Recorded data: Begin

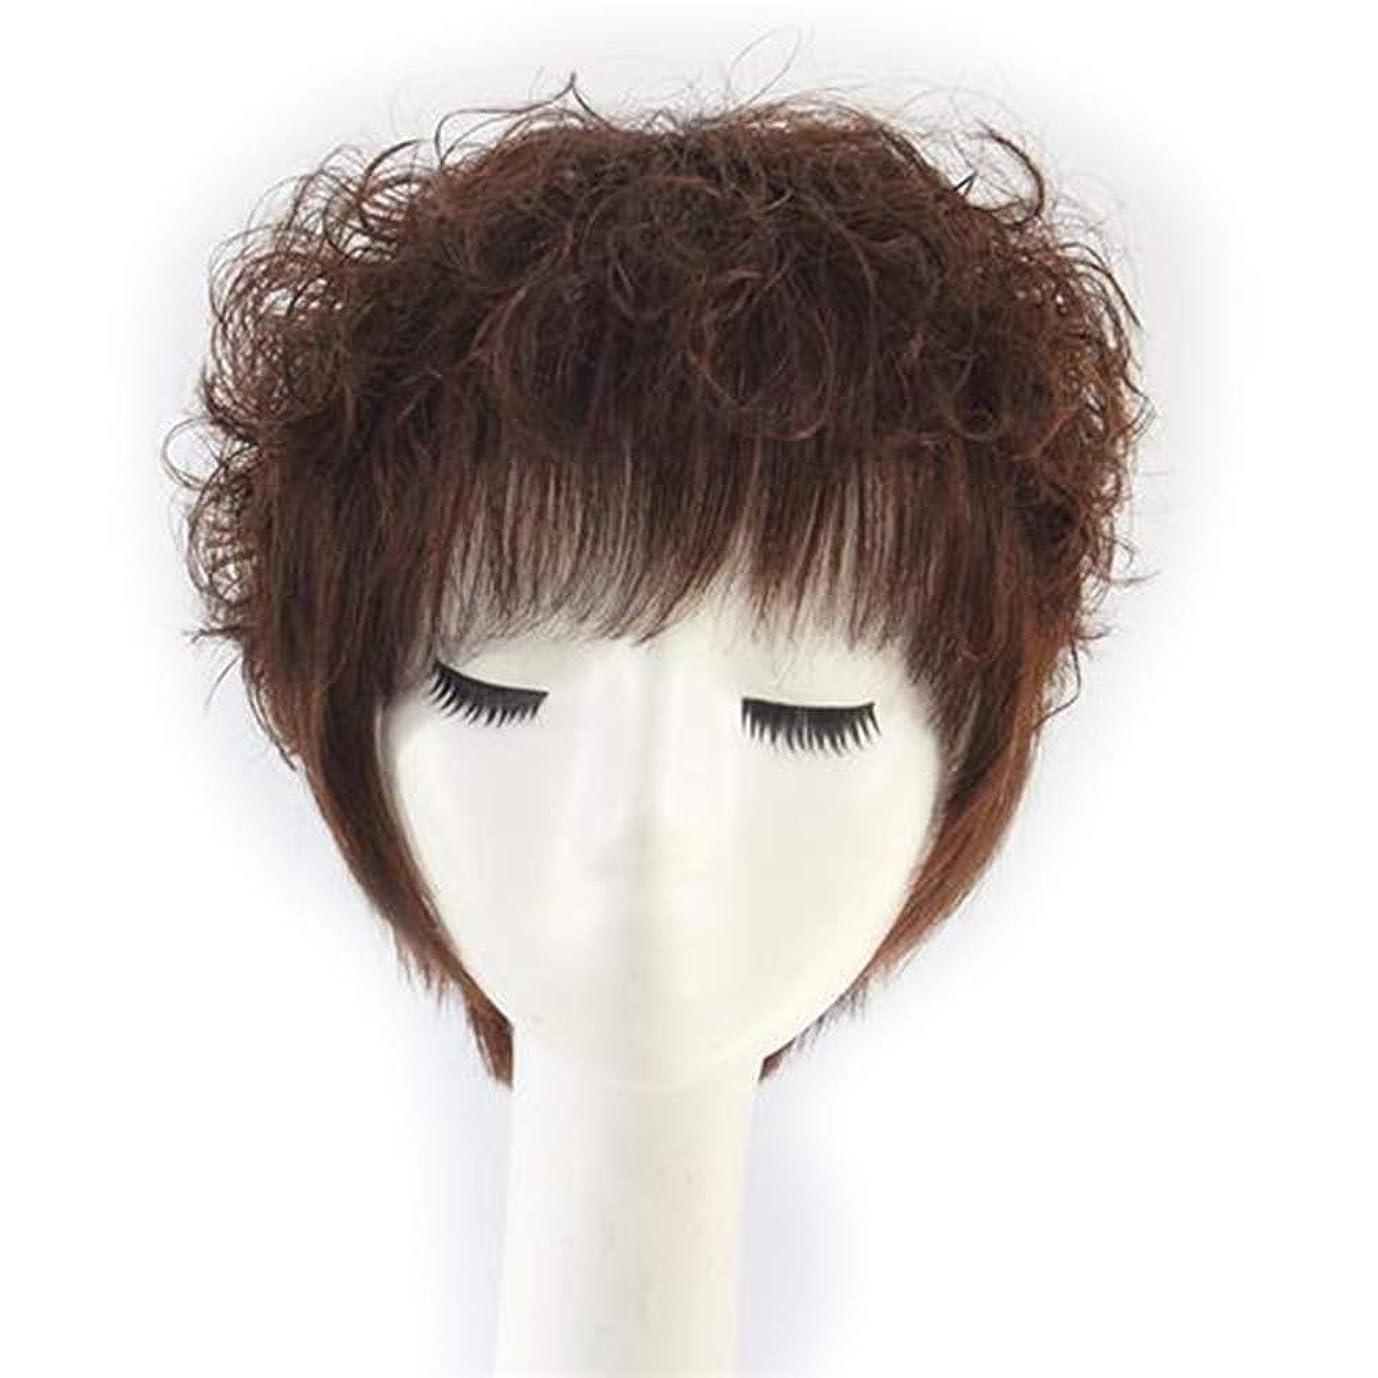 過激派レビューコードMayalina 本物の人間の髪の毛の女性短い巻き毛の耐熱フルかつら中年のかつらファッションかつら (色 : Dark brown)
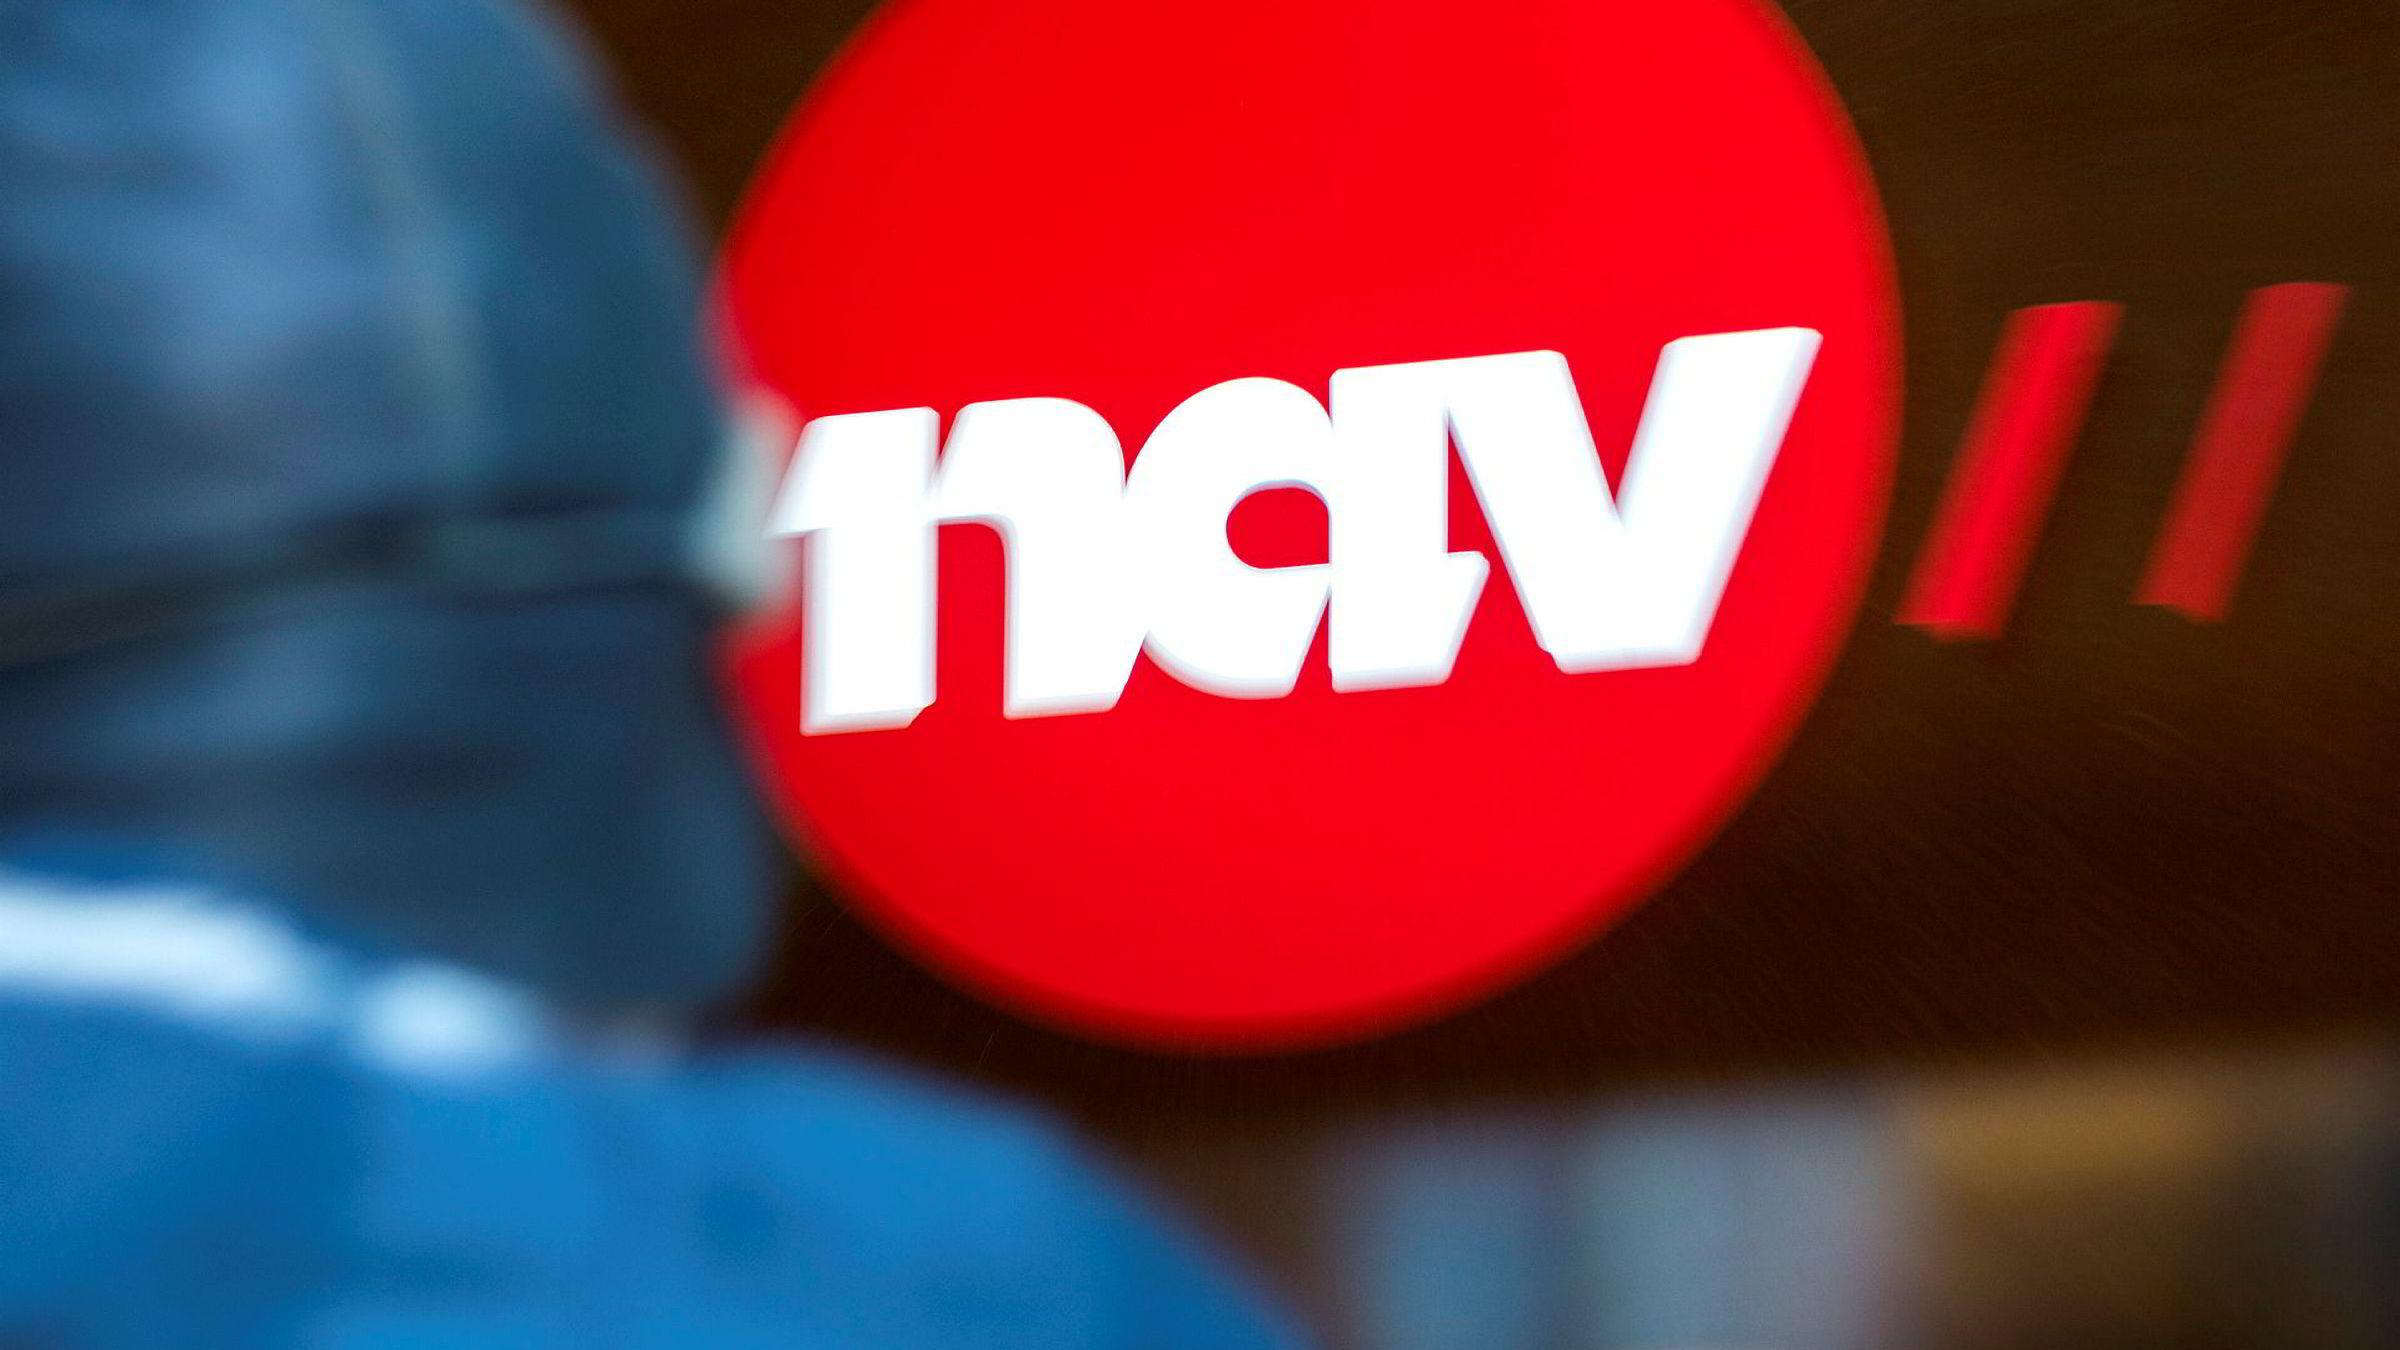 Norske tingretter begynner å få oversikt over sakene i Nav-komplekset. Foto: Gorm Kallestad / NTB scanpix.
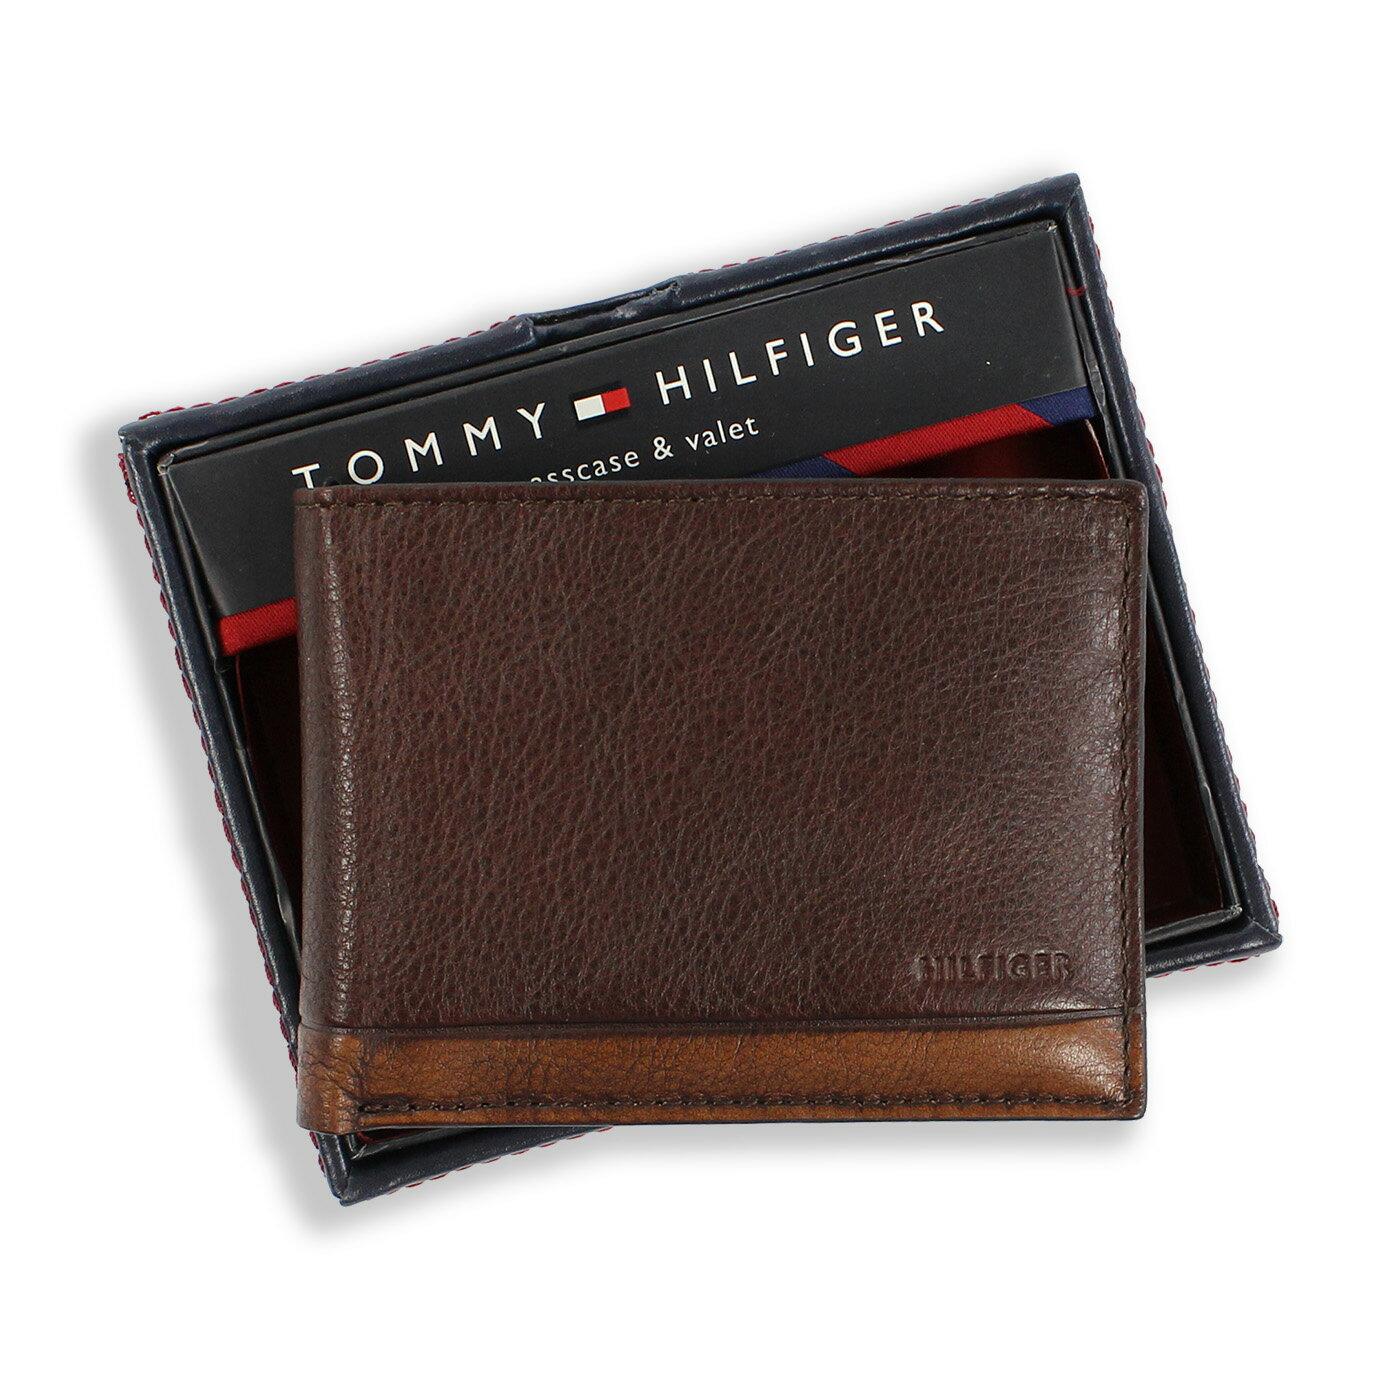 美國百分百【全新真品】Tommy Hilfiger 真皮 皮夾 皮包 卡片 TH 短夾 錢包 復古洗舊 咖啡色 F837

Recorded data: End

▶ _Work task_: Repeat the material exactly as it reads, without any of its pictures.

▶ _Completed task_:
 過激派レビューコードMayalina 本物の人間の髪の毛の女性短い巻き毛の耐熱フルかつら中年のかつらファッションかつら (色 : Dark brown)
 Norske tingretter begynner å få oversikt over sakene i Nav-komplekset. Foto: Gorm Kallestad / NTB scanpix.
 美國百分百【全新真品】Tommy Hilfiger 真皮 皮夾 皮包 卡片 TH 短夾 錢包 復古洗舊 咖啡色 F837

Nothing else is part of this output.